De rechtbank heeft ook overwogen dat de munitie die onder feit 2 ten laste was gelegd, niet op de juiste locatie was aangetroffen. De verdediging had betoogd dat de wapens en munitie niet aan de verdachte konden worden toegeschreven, en de rechtbank volgde dit standpunt. De rechtbank heeft de in beslag genomen voorwerpen beoordeeld en besloten dat deze onttrokken moesten worden aan het verkeer, omdat het ongecontroleerde bezit daarvan in strijd was met het algemeen belang en de wet. De uitspraak werd gedaan in aanwezigheid van de rechters M. Aufderhaar, A. Krijger en J. Davids, en griffier mr. Buitenhuis.

Uitspraak

RECHTBANK ZUTPHEN
Sector Straf
Meervoudige kamer
Parketnummer: 06/460427-09
Uitspraak d.d.: 17 maart 2010
Tegenspraak / dip
VONNIS
in de zaak tegen:
[verdachte],
geboren te [plaats in 1984],
wonende te [plaats]
thans verblijvende in het huis van bewaring Doetinchem, te Doetinchem.

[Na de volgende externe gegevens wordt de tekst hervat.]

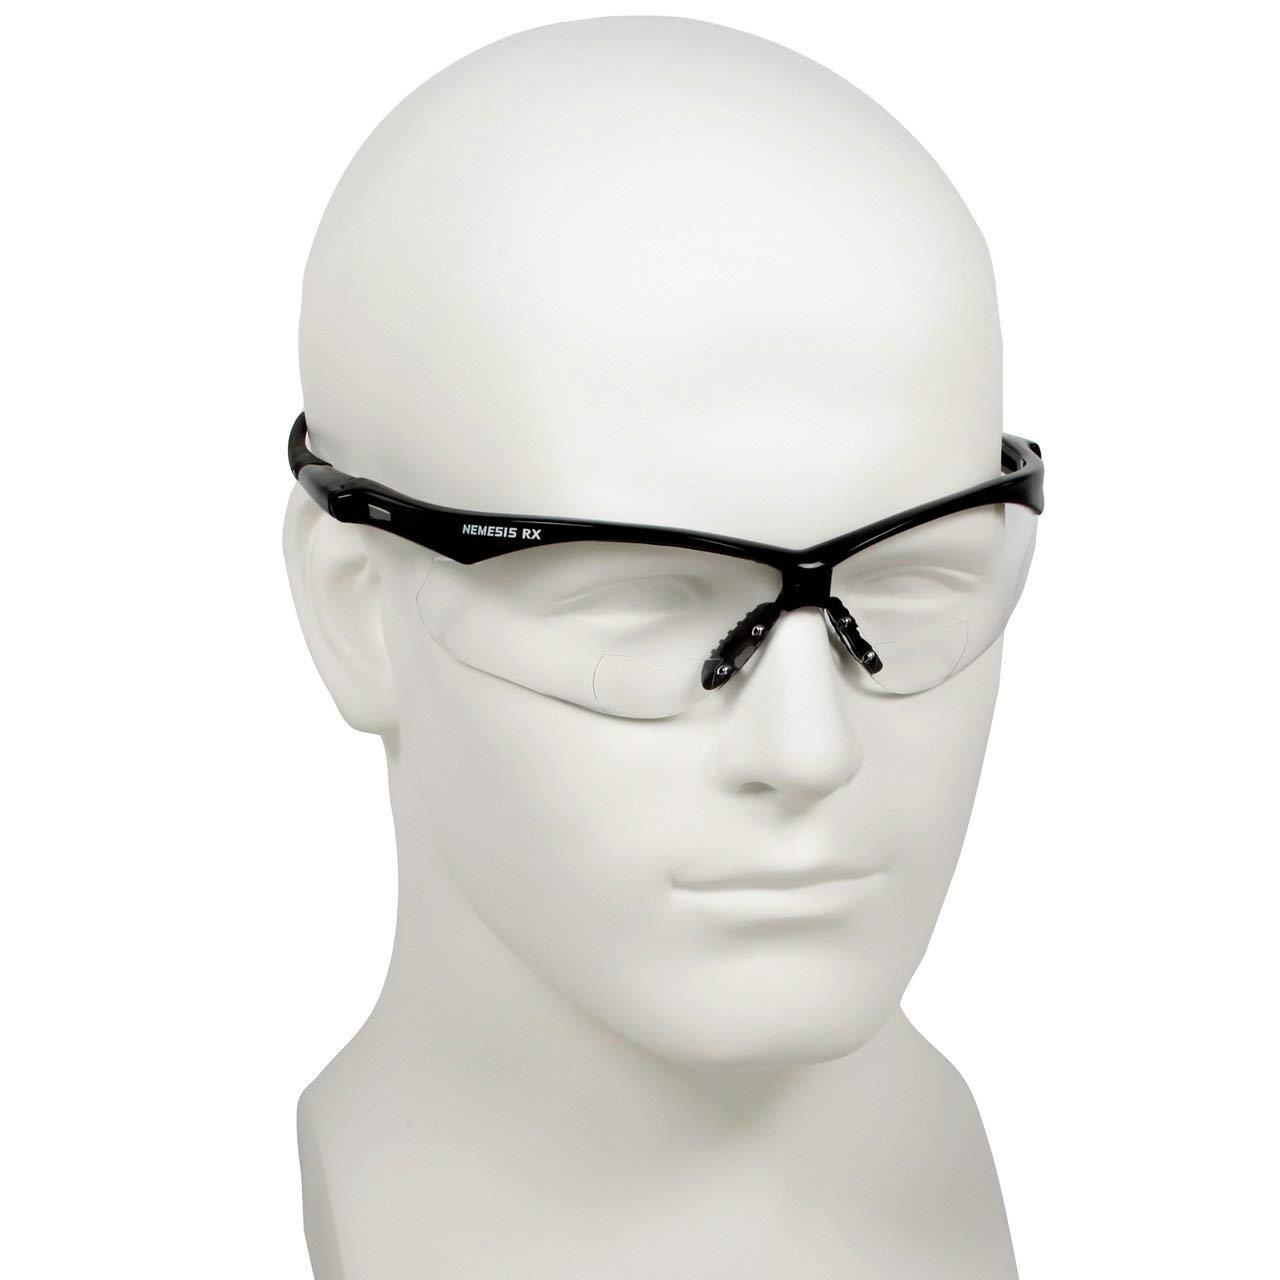 0a9532d7847 Get Quotations · Jackson Nemesis Bifocal Safety Glasses - Black Frame 1.0  Clear Lens

Raadsman: mr. S.J. van der Woude, advocaat te Amsterdam.
Onderzoek van de zaak
Dit vonnis is gewezen naar aanleiding van het onderzoek op de terechtzitting van 3 maart 2010.
De tenlastelegging
Aan verdachte is ten laste gelegd dat:
1.
hij op één of meer tijdstip(pen) in of omstreeks de periode van 1 januari 2009 tot en met 25 november 2009 te Twello, gemeente Voorst, in elk geval in het arrondissement Zutphen, tezamen en in vereniging met een ander of anderen, althans alleen, een wapen van categorie III (pistool, model Zastava M57, kaliber 7.62) en/of (bijbehorende) munitie van categorie III (meerdere patronen van kaliber 7.62 en/of kaliber .22) voorhanden heeft gehad;
De in deze telastelegging gebruikte termen en uitdrukkingen worden, voorzover
daaraan in de Wet wapens en munitie betekenis is gegeven, geacht in dezelfde
betekenis te zijn gebezigd;
art 26 lid 1 Wet wapens en munitie
2.
hij op of omstreeks 25 november 2009 te Apeldoorn tezamen en in vereniging met een ander of anderen, althans alleen, een wapen van categorie III, te weten een pistool (merk Albrecht kind, type Berloque, kaliber 2mm penvuur), en/of munitie van categorie III, te weten twee patronen (kaliber .22 Long Rifle), voorhanden heeft gehad;
De in deze telastelegging gebruikte termen en uitdrukkingen worden, voorzover
daaraan in de Wet wapens en munitie betekenis is gegeven, geacht in dezelfde
betekenis te zijn gebezigd;
art 26 lid 1 Wet wapens en munitie
Taal- en/of schrijffouten
Voor zover in de tenlastelegging taal- en/of schrijffouten en/of kennelijke omissies voorkomen, zijn deze in de bewezenverklaring verbeterd. De verdachte is daardoor niet geschaad in de verdediging.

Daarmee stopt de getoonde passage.